Good baby, good baby. I knew you would listen. I knew you would stop crying. I …………
The day I woke up to find the cot lying on top of you that was the day I decided to make my promise. I looked in your eyes and saw fear. Looked at you struggling to breath, the weight of the cot on your chest its rails across you and thought what I have done? Right then I promised to be a better father. One that your mother will be proud of, one that she believed I could be. I promised to feed you more than once a day. To hold you when you cry. Rock you to sleep at night and tell you about how beautiful your mother was and the love we had. I promised to get up and find a job maybe God will finally answer my prayer. I promised to love you and protect you like all fathers should their child. I promised to stop drinking and spiking your formula with booze to make you fall asleep, but most of all I promised to look you in the eyes and not wish that it was you that died instead of your mother. All these promises I made and I tried to keep them I really did, but I only managed all of two days and for this I’m sorry. I’m sorry I couldn’t keep them, I’m sorry because I am a drunk. I have always been a drunk, just like my father and just like his father even though I am just letting myself acknowledge it.

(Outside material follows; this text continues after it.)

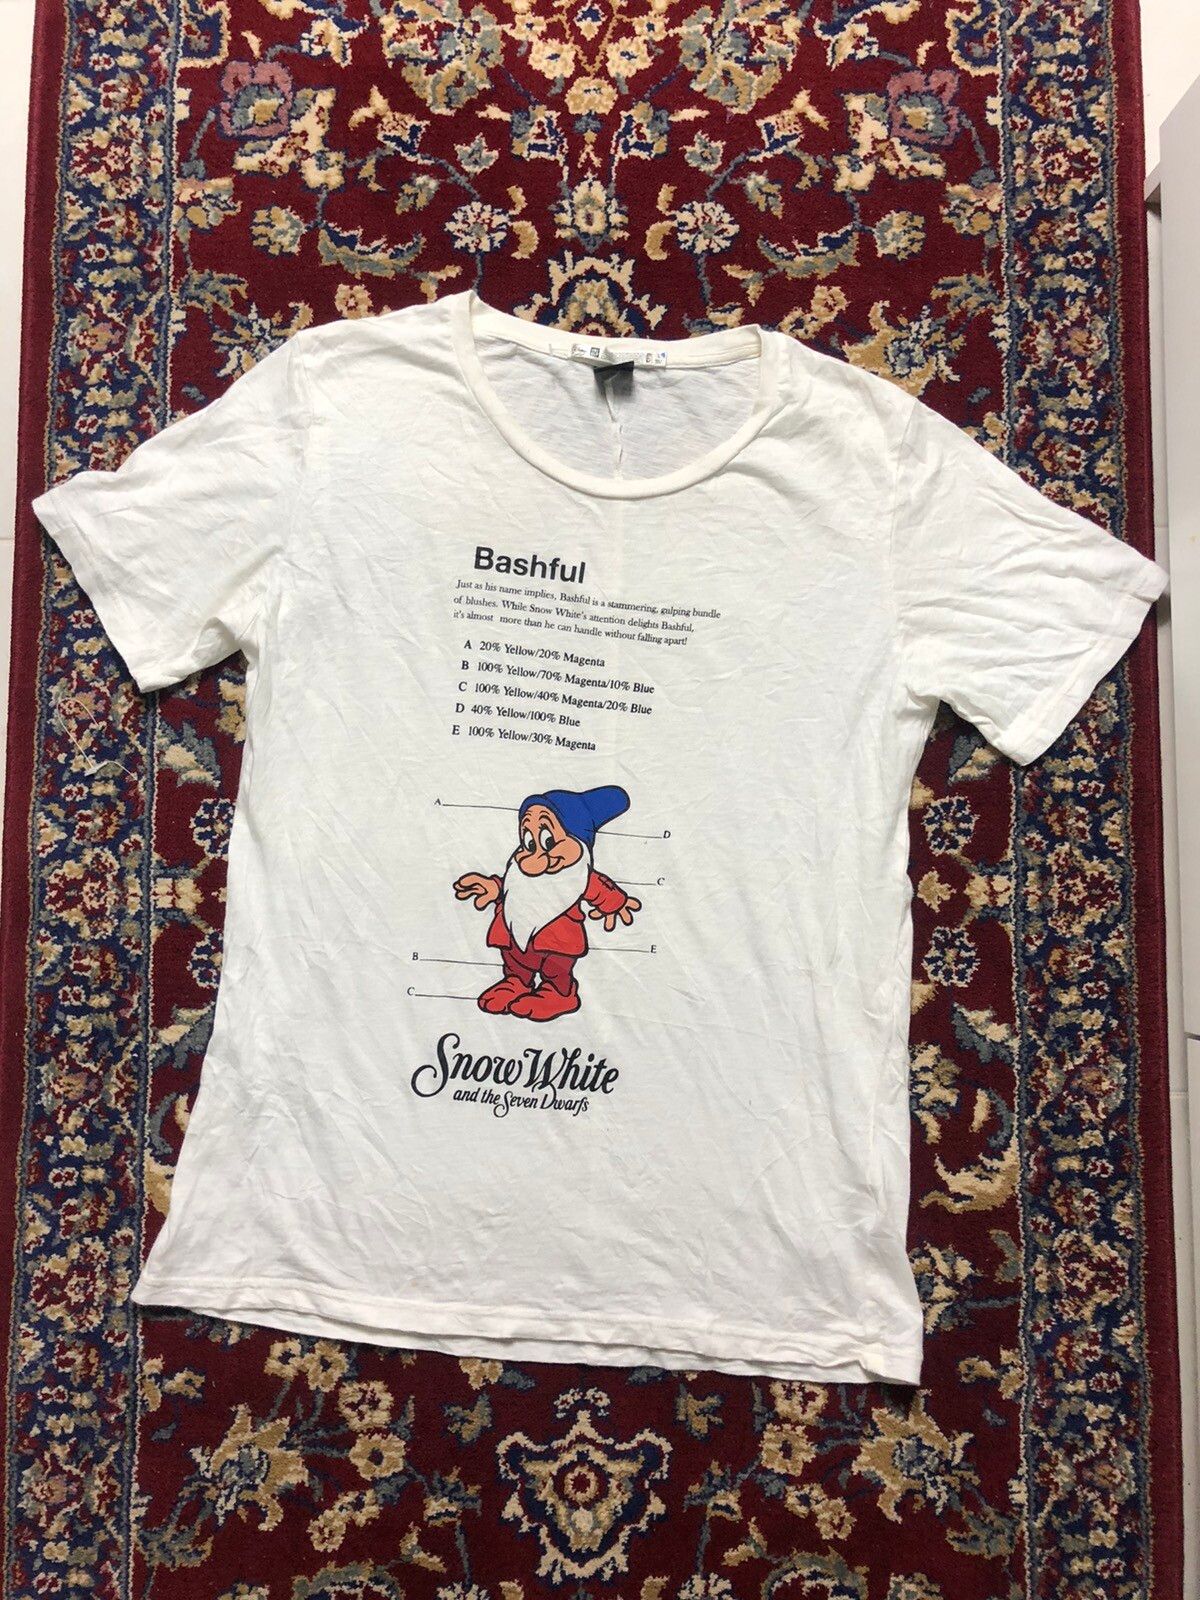 Snow White And The Seven Dwarf Uniqlo X Undercover T-Shirt - 2
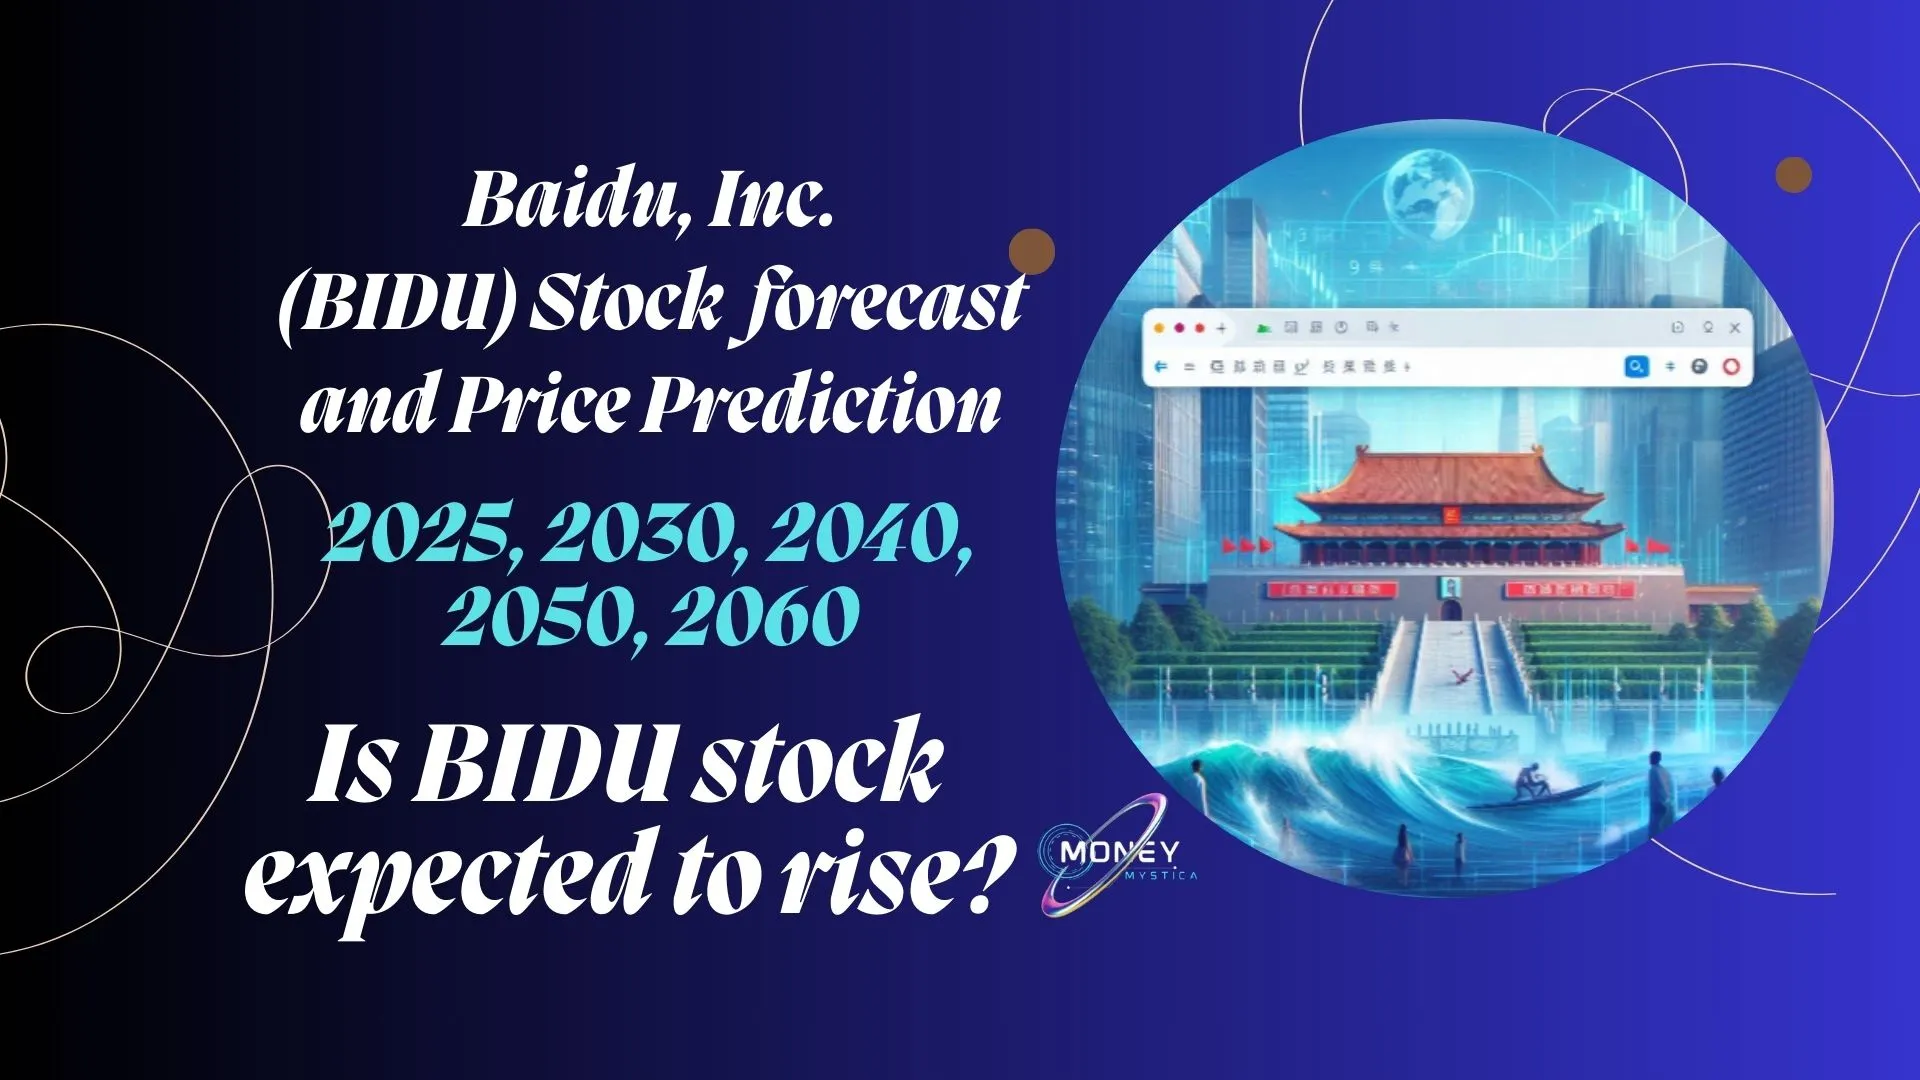 Baidu, Inc. (BIDU) Stock forecast and price prediction

I pray that one day when you are finally old enough and you have read the letter I wrote. I hope that you will forgive what I did. I hope that you will find it in your heart to forgive that I took the coward’s way out. I hope that you will forgive what I did in the living room. Hanging off a ceiling struggling with the noose that tightened and took my last breath while you sat in your chair crying your eyes calling out for me to hold you. I hope that you will forgive that I took my life instead of trying to nurture yours. Your mother’s sister will take care of you better than I could ever have done. This I am sure of. Please don’t think of me full of shame. I had to go, go to your mother. She is the only one who makes me whole.